Spectral embedding learned via eigenmap.

z

Matrix of embedded data to map back to the input space.

x_tilde

Supplied training data, if none supplied then the RF is used to generate synthetic training data according to the eForest scheme. Default is NULL.

k

Number of nearest neighbors to evaluate.

parallel

Compute in parallel? Must register backend beforehand, e.g. via doParallel.

Details

decode_knn decodes the embedded data back to the original input space using a k-nearest neighbors (kNN) (Cover & Hart, 1967) approach. For a given embedding vector, decoding works by first finding the k nearest embeddings within the training set. Then, x_tilde is either supplied or generated from the RF (if generated, using the 'eForest' scheme (Feng & Zhou, 2018)), which provides a proxy for the training samples associated with these embeddings, to avoid needing to retain training data. Finally, data is reconstructed by weighted averaging for numerical features, and the most likely value for categorical features.

Value

Decoded dataset.

References

Cover, T., & Hart, P. (1967). Nearest neighbor pattern classification. IEEE Transactions on Information Theory, 13(1), 21–27.

Feng, J., & Zhou, Z. H. (2018, April). Autoencoder by forest. In Proceedings of the AAAI conference on artificial intelligence (Vol. 32 , No. 1).

Examples

# Set seed
set.seed(1)

# Split training and test
trn <- sample(1:nrow(iris), 100)
tst <- setdiff(1:nrow(iris), trn)

# Train RF, learn the encodings and project test points.
rf <- ranger::ranger(Species ~ ., data = iris[trn, ], num.trees=50)
emap <- encode(rf, iris[trn, ], k=2)
emb <- predict(emap, rf, iris[tst, ])

# Decode test samples back to the input space
out <- decode_knn(rf, emap, emb, k=5)$x_hat


Encoding with Diffusion Maps

Description

Computes the diffusion map of a random forest kernel, including a spectral decomposition and associated weights.

Usage

encode(rf, x, k = 5L, stepsize = 1L, parallel = TRUE)

Arguments

rf

Pre-trained random forest object of class ranger.

x

Training data for estimating embedding weights.

k

Dimensionality of the spectral embedding.

stepsize

Number of steps of a random walk for the diffusion process. See Details.

parallel

Compute in parallel? Must register backend beforehand, e.g. via doParallel.

Details

encode learns a low-dimensional embedding of the data implied by the adjacency matrix of the rf. Random forests can be understood as an adaptive nearest neighbors algorithm, where proximity between samples is determined by how often they are routed to the same leaves. We compute the spectral decomposition of the model adjacencies over the training data X, and take the leading k eigenvectors and eigenvalues. The function returns the resulting diffusion map, eigenvectors, eigenvalues, and leaf sizes.

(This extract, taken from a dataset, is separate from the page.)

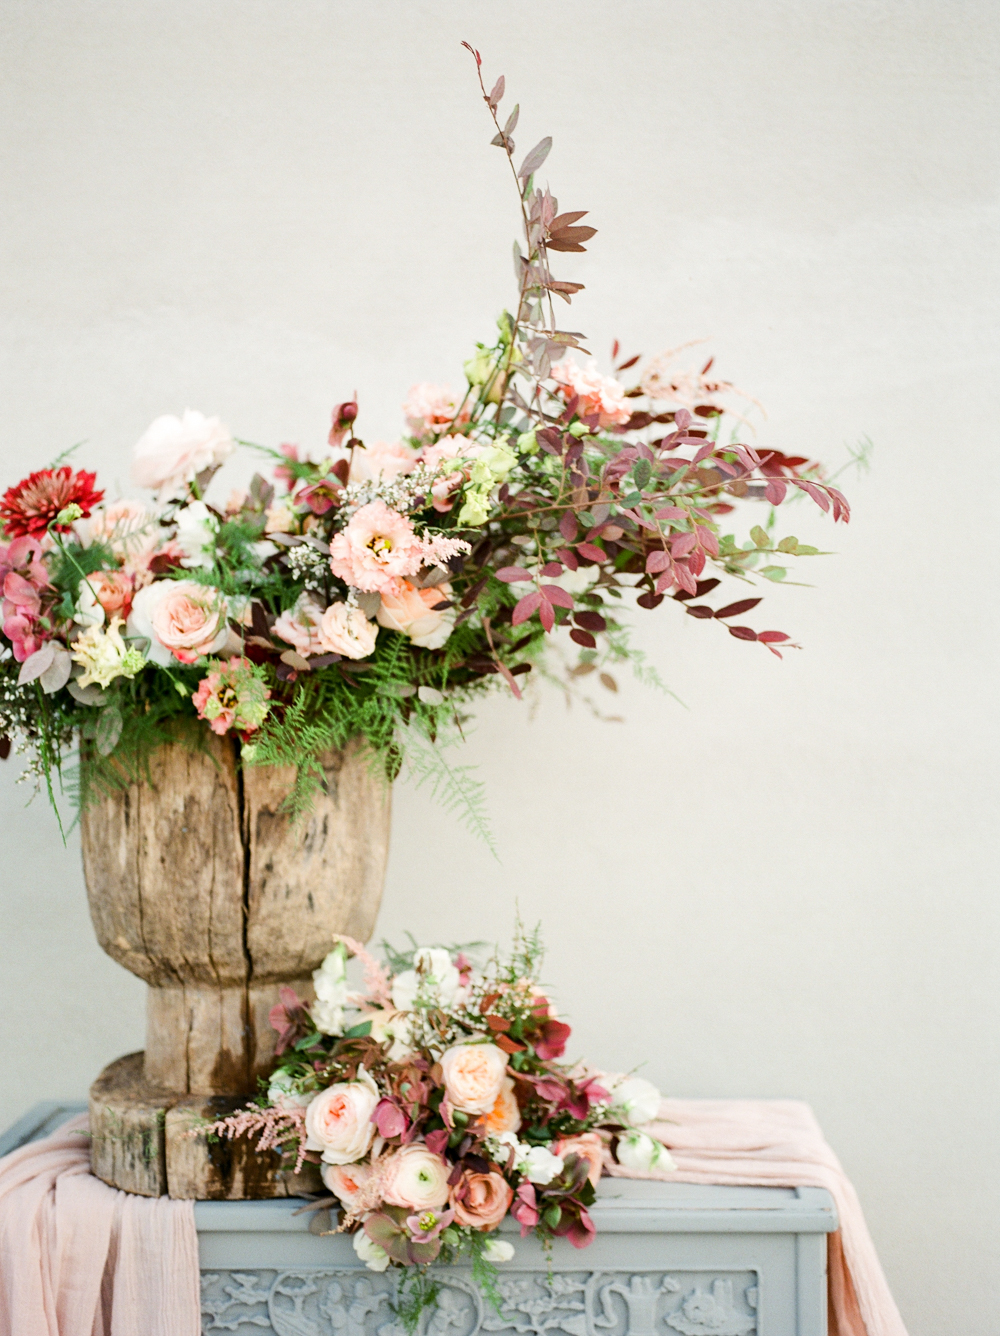 A lovely houston bride_wedding_Christine Gosch_www.christinegosch.com_Houston, TX-5.jpg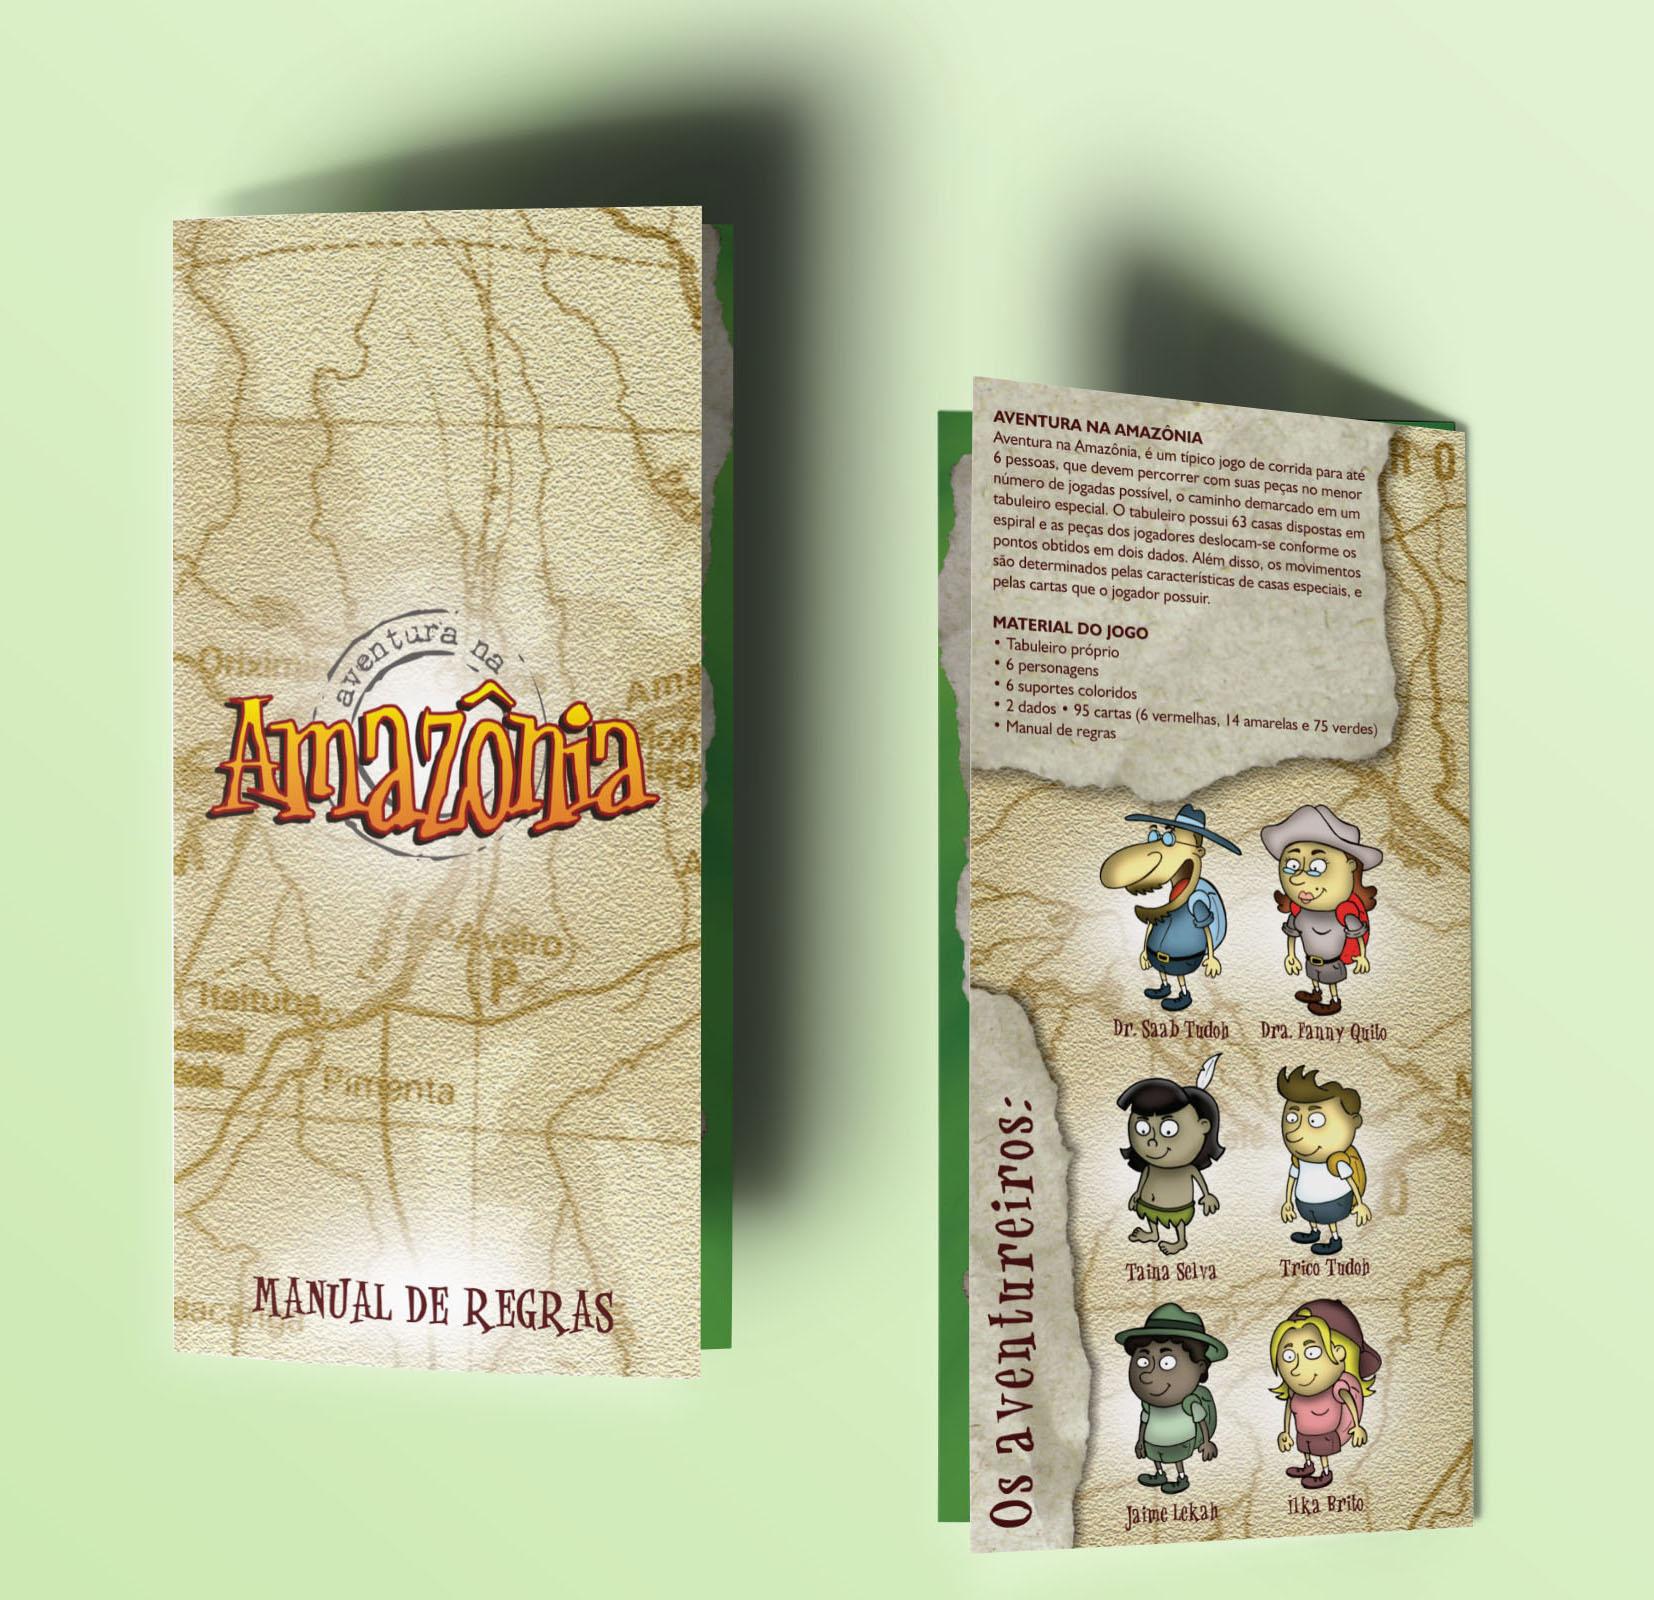 aventura-amazonia-apresentacao-manual-regras

Let K be the weighted adjacency matrix of code x implied by rf. This defines a weighted, undirected graph over the training data, which we can also interpret as the transitions of a Markov process 'between' data points. Spectral analysis produces the decomposition K = V\lambda V^{-1}, where we can take leading nonconstant eigenvectors. The diffusion map Z = \sqrt{n} V \lambda^{t} (Coifman & Lafon, 2006) represents the long-run connectivity structure of the graph after t time steps of a Markov process, with some nice optimization properties (von Luxburg, 2007). We can embed new data into this space using the Nyström formula (Bengio et al., 2004).

Value

A list with eight elements: (1) Z: a k-dimensional nonlinear embedding of x implied by rf. (2) A: the normalized adjacency matrix (3) v: the leading k eigenvectors; (4) lambda: the leading k eigenvalues; (5) stepsize: the number of steps in the random walk. (6) leafIDs: a matrix with nrow(x) rows and rf$num.trees columns, representing the terminal nodes of each training sample in each tree; (7) the number of samples in each leaf; (8) metadata about the rf.

References

Bengio, Y., Delalleau, O., Le Roux, N., Paiement, J., Vincent, P., & Ouimet, M. (2004). Learning eigenfunctions links spectral embedding and kernel PCA. Neural Computation, 16(10): 2197-2219.

Coifman, R. R., & Lafon, S. (2006). Diffusion maps. Applied and Computational Harmonic Analysis, 21(1), 5–30.

von Luxburg, U. (2007). A tutorial on spectral clustering. Statistics and Computing, 17(4), 395–416.

See Also

adversarial_rf

Examples

# Train ARF
arf <- arf::adversarial_rf(iris)

# Embed the data
emap <- encode(arf, iris)



Post-process data

Description

This function prepares output data.

Usage

post_x(x, meta, round = TRUE)

Arguments

x

Input data.frame.

meta

Metadata.

round

Round continuous variables to their respective maximum precision in the real data set?

Value

A data.frame which follows the structure and ordering of the input dataset.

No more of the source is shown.